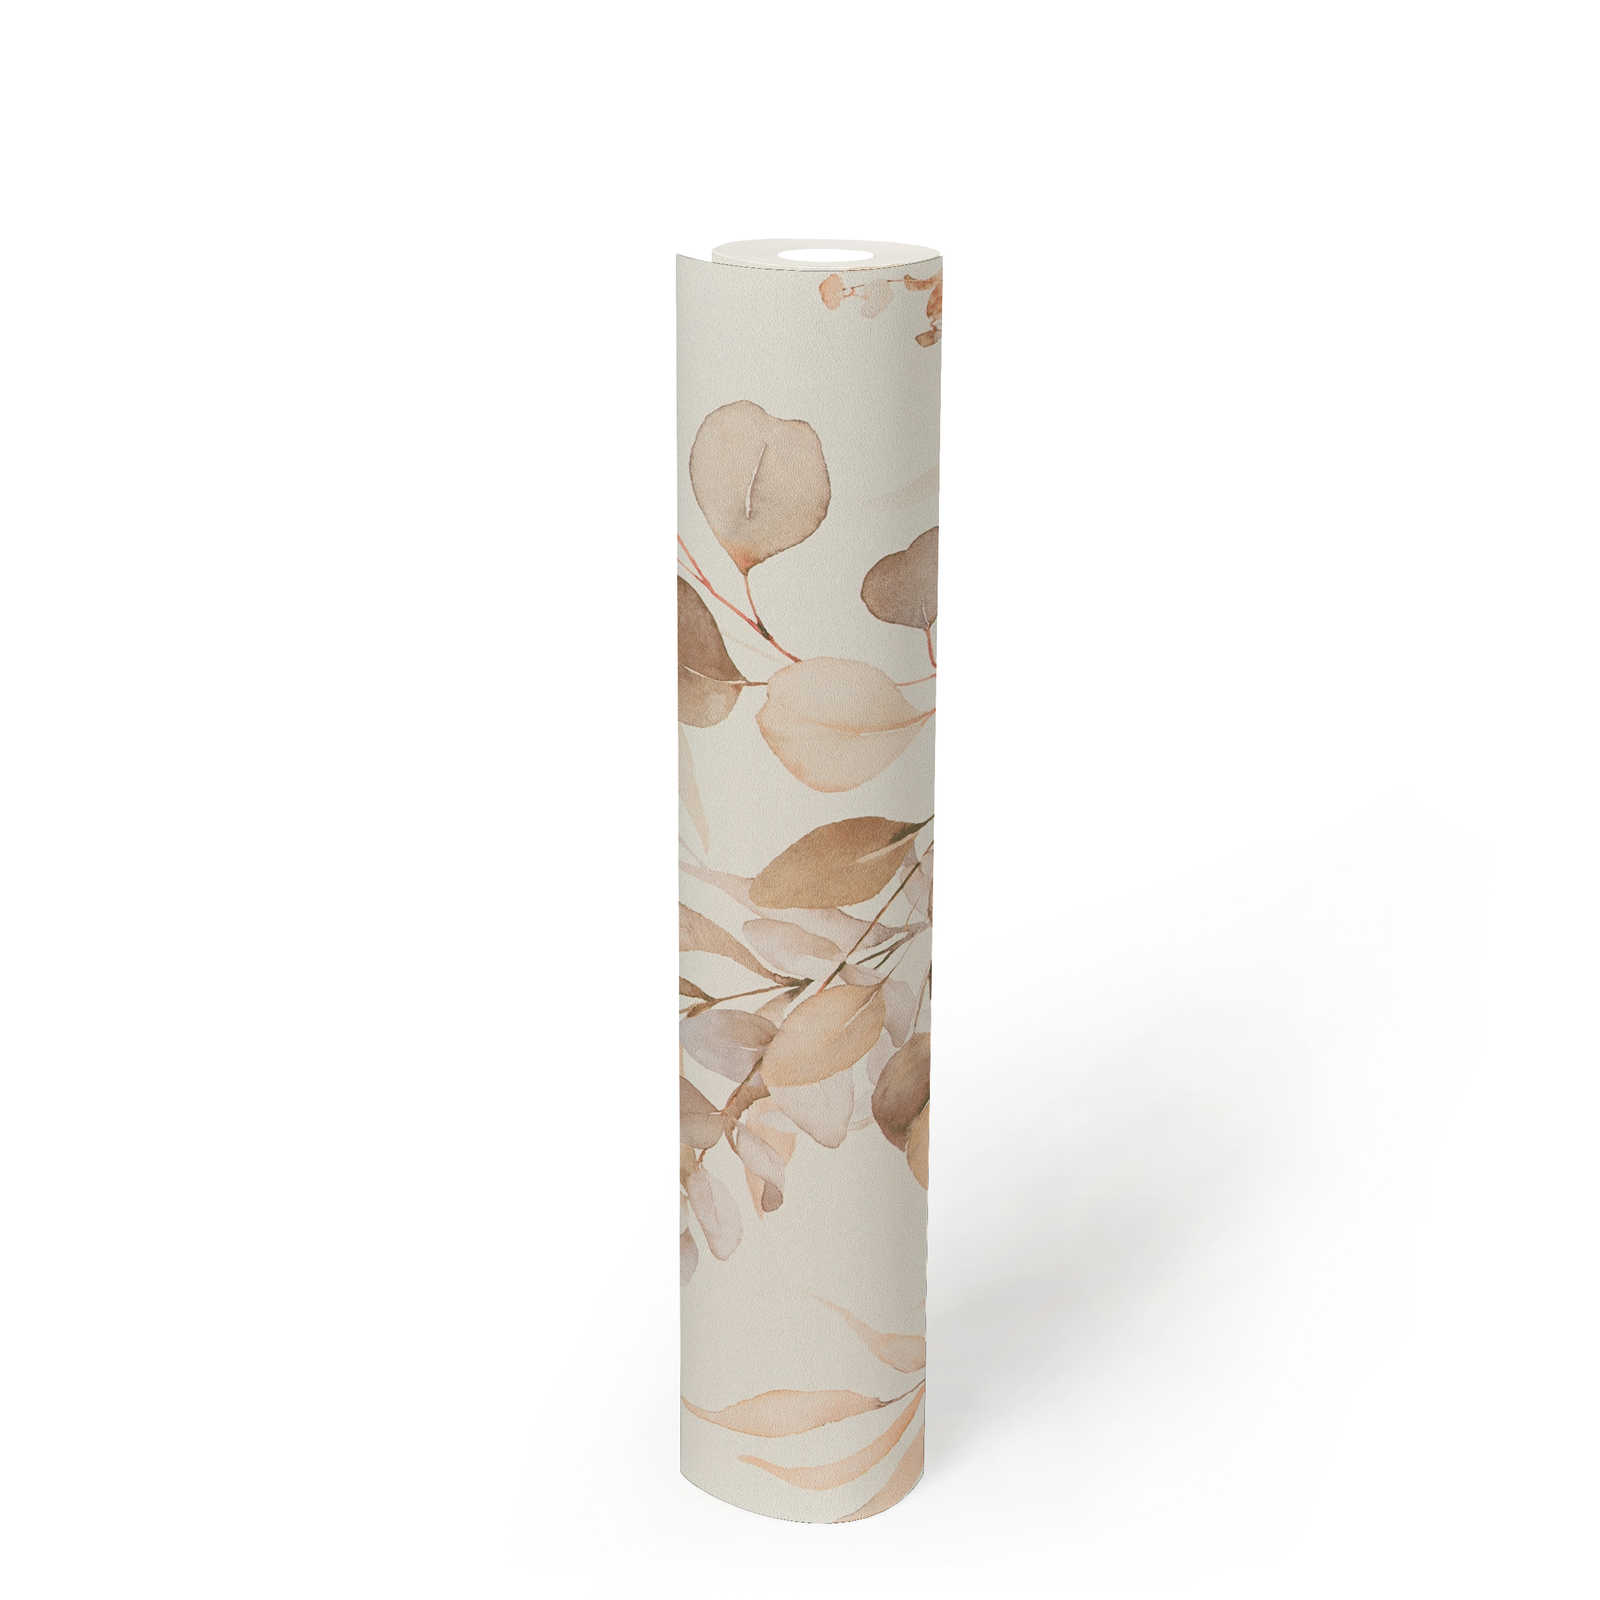             Papier peint intissé avec motif de feuilles aquarelles dans des tons chauds - crème, beige
        
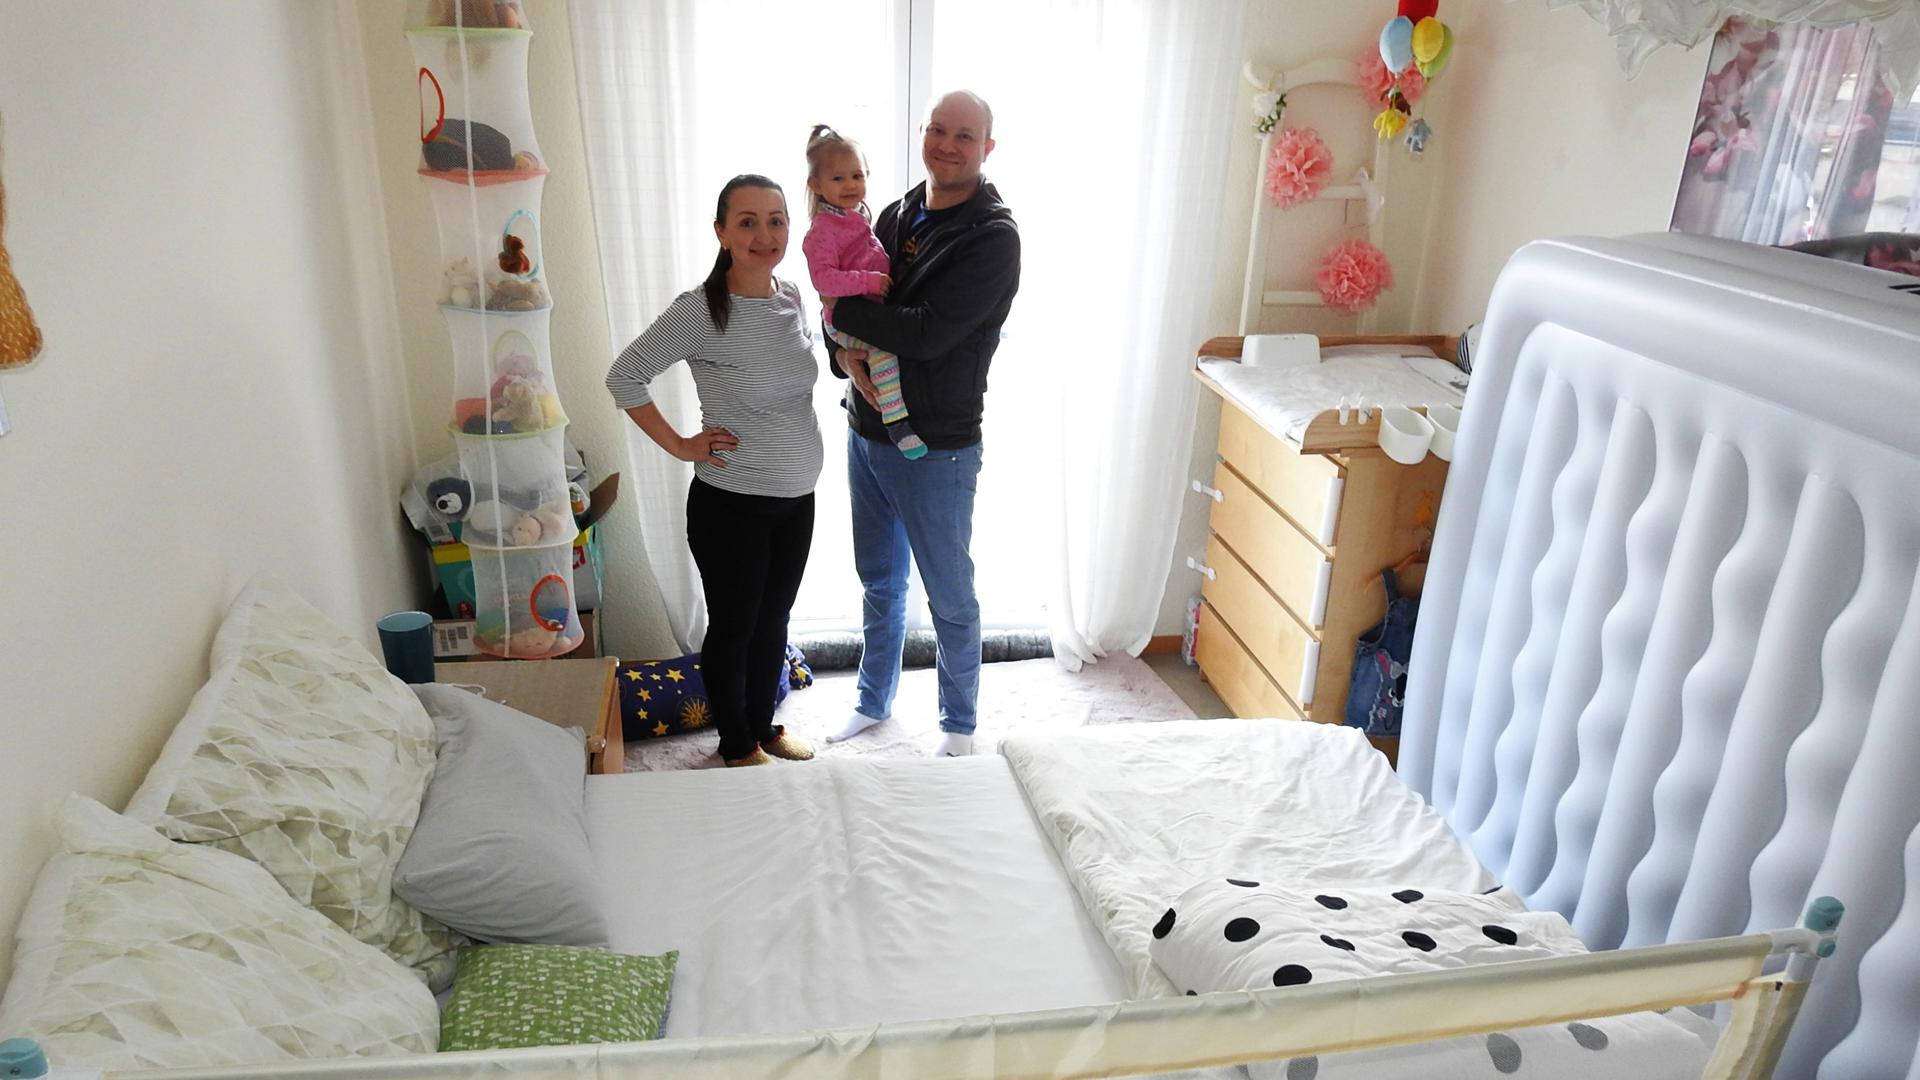 Familie Diana und Marco Simon mit Tochter in ihrem Schlafzimmer.
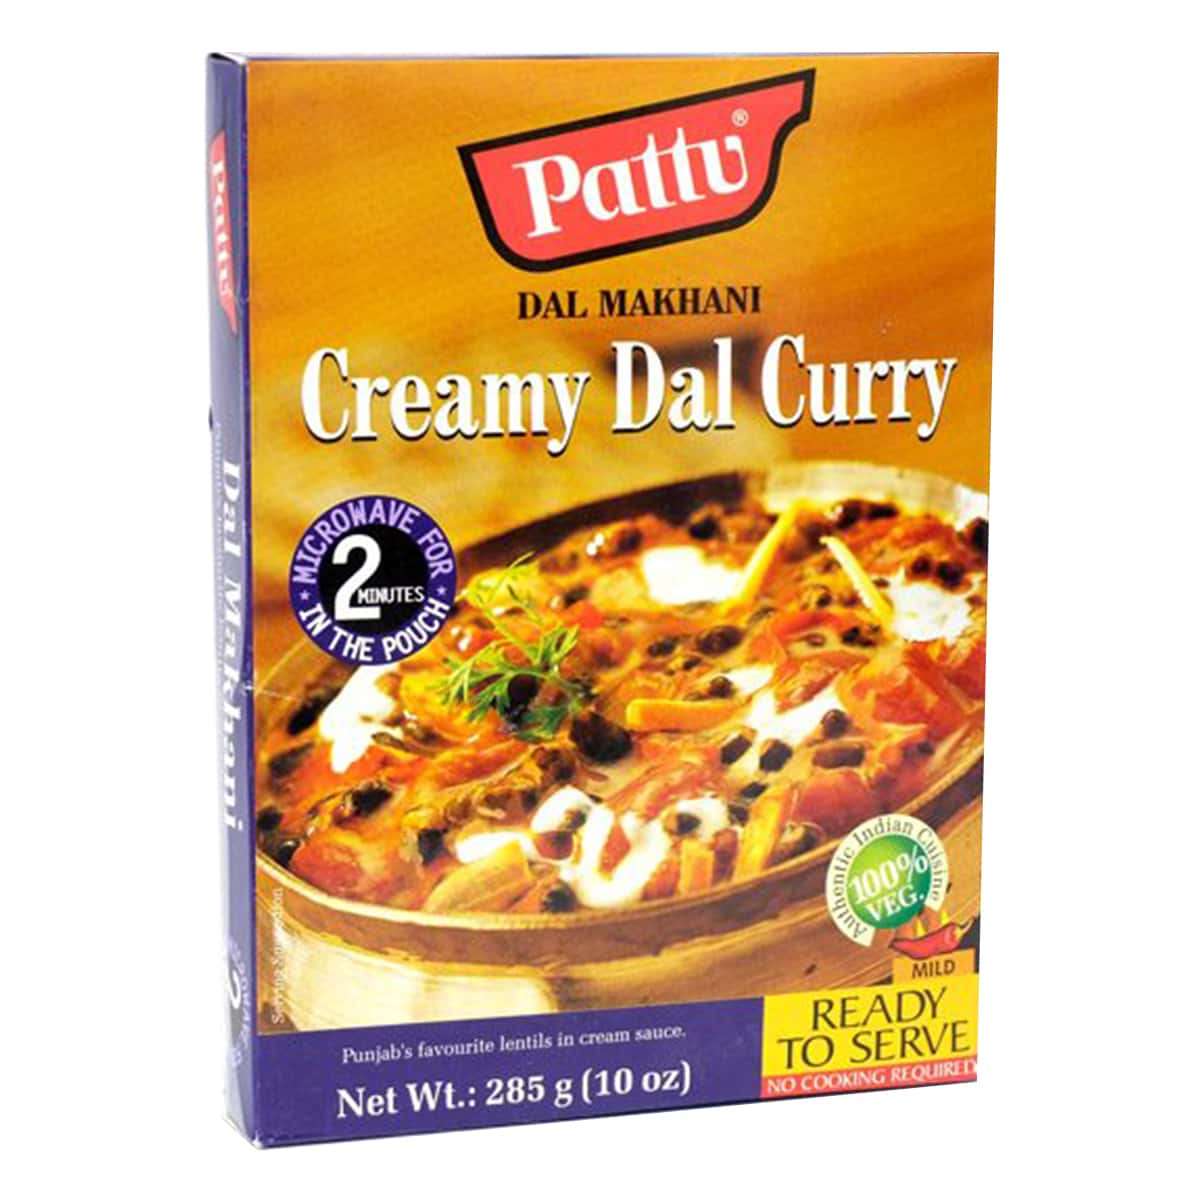 Buy Pattu Dal Makhani (Creamy Dal Curry) Ready to Serve - 285 gm
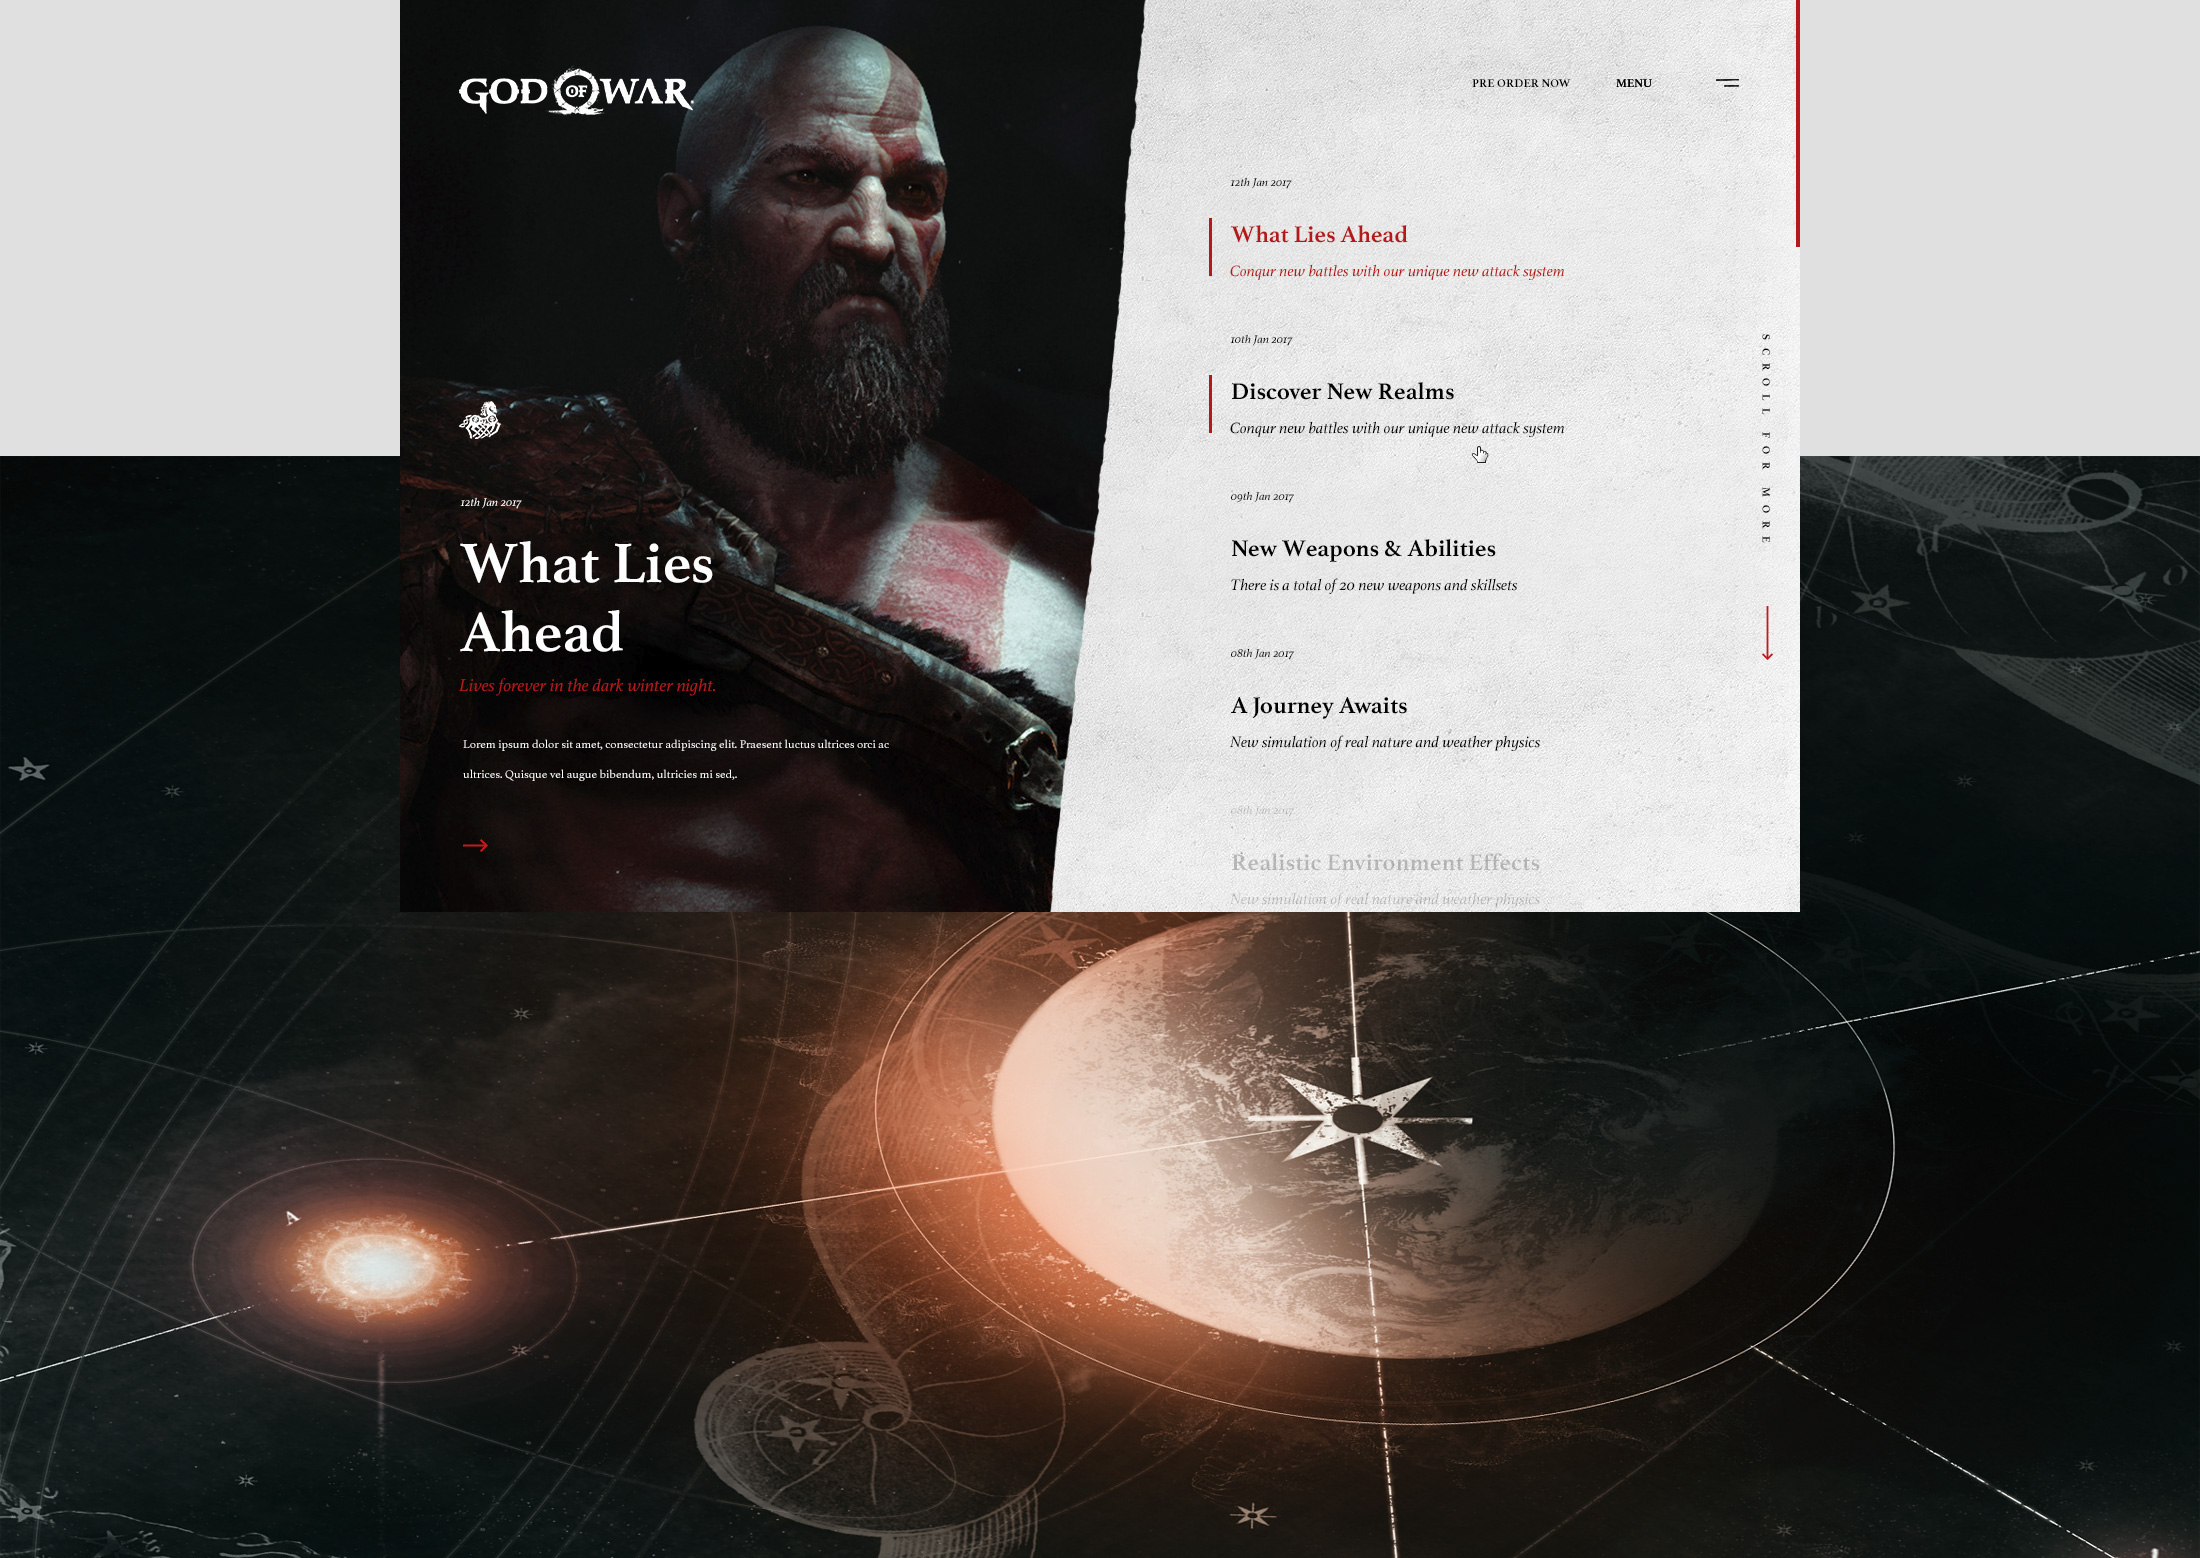 Web Design & UI/UX for the God of War 4 game

Activity
While leaving pictures out, reproduce exactly the lines from the beginning of the listing above through the line containing "Buy Pattu Dal", both ends included.

Solution to this exercise
             Papier peint intissé avec motif de feuilles aquarelles dans des tons chauds - crème, beige
        
 Familie Diana und Marco Simon mit Tochter in ihrem Schlafzimmer.
 Buy Pattu Dal Makhani (Creamy Dal Curry) Ready to Serve - 285 gm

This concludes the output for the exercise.